Monday, March 18, 2013

Grab a cardigan and go live life.

Sometimes I forget that I wrote a blog post at 2:00 am, so when I'm about to make a new post a week or so later, it pops up and I need to finish it. This is one of those times. So, enjoy this.

Just yesterday Mary, Julia, and I were saying we wished we were blogging more. I suddenly just developed a list of things to blog about!!
A few weeks ago, Hank Green (of the Vlogbrothers) was visiting the Philip L. Wright Zoological Museum on the University of Montana campus. When he posted a video containing a Miss Emily Graslie, the internet fell in love. Nerdfighters everywhere immediately requested more of her, and more we've gotten. She was given a web show of her own, The Brain Scoop, where she has been working with wolves a lot lately.

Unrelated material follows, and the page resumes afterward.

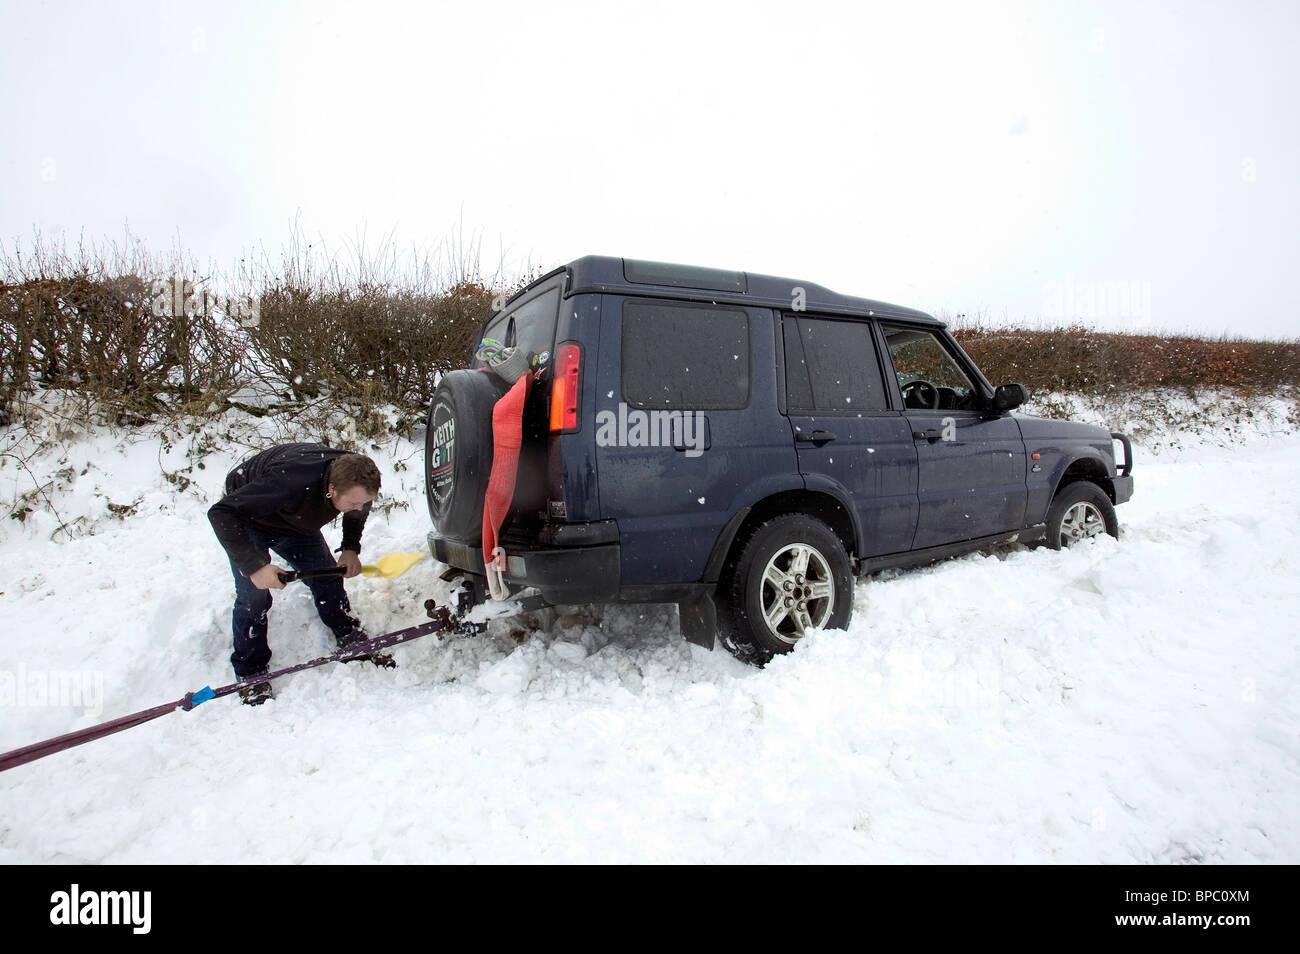 Man digging out snowed in four-wheel drive, Dartmoor, Devon - Stock Image

She, and others!, made this video this week. (CAUTION! It's very gross.) After watching, I began thinking about something very important. What makes animals so different from humans?
I got on Tumblr and asked this question, and she responded so much sooner than I anticipated. It honestly seems a little incomprehensible to me that someone I admire so much read something I wrote, AND responded to it.

I bet you're currently trying to figure out why I admire this lady so much. And also why I tweeted about this ordeal 5 times in 20 minutes, as well as posting about it on Facebook, and am now blogging about it. In all honesty, I'm not sure.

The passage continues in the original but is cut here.